##### DATA SECTION #####
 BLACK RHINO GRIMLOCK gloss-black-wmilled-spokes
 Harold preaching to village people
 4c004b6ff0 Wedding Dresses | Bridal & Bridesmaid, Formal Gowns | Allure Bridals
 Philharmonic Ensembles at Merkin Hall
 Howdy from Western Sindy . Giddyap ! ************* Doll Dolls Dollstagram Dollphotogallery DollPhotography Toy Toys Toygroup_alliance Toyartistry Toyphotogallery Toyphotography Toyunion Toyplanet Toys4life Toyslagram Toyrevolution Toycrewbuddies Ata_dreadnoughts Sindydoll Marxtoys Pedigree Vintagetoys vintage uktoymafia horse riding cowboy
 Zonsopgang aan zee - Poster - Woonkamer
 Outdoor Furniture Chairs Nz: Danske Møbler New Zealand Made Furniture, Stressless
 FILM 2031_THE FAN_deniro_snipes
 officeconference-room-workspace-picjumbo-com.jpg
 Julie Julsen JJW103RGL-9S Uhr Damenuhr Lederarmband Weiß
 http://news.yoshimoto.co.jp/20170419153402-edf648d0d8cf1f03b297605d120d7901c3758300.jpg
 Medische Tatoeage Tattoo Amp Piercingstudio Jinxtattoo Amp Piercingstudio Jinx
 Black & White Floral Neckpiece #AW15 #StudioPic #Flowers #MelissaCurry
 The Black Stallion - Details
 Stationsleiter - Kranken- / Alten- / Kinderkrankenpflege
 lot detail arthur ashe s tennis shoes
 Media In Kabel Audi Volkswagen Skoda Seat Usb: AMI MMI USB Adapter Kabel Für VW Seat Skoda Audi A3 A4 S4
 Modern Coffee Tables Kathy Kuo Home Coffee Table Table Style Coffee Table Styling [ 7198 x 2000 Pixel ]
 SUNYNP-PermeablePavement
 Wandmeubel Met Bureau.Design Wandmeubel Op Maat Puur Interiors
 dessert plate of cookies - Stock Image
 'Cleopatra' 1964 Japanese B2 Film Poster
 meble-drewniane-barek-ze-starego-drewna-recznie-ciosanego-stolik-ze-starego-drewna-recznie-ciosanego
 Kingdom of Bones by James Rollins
#####
WHAT IS BEING ASKED:
Filter the listing for the word "Poster" and copy every line that holds it.

ANSWER TO THIS EXERCISE:
 Zonsopgang aan zee - Poster - Woonkamer
 'Cleopatra' 1964 Japanese B2 Film Poster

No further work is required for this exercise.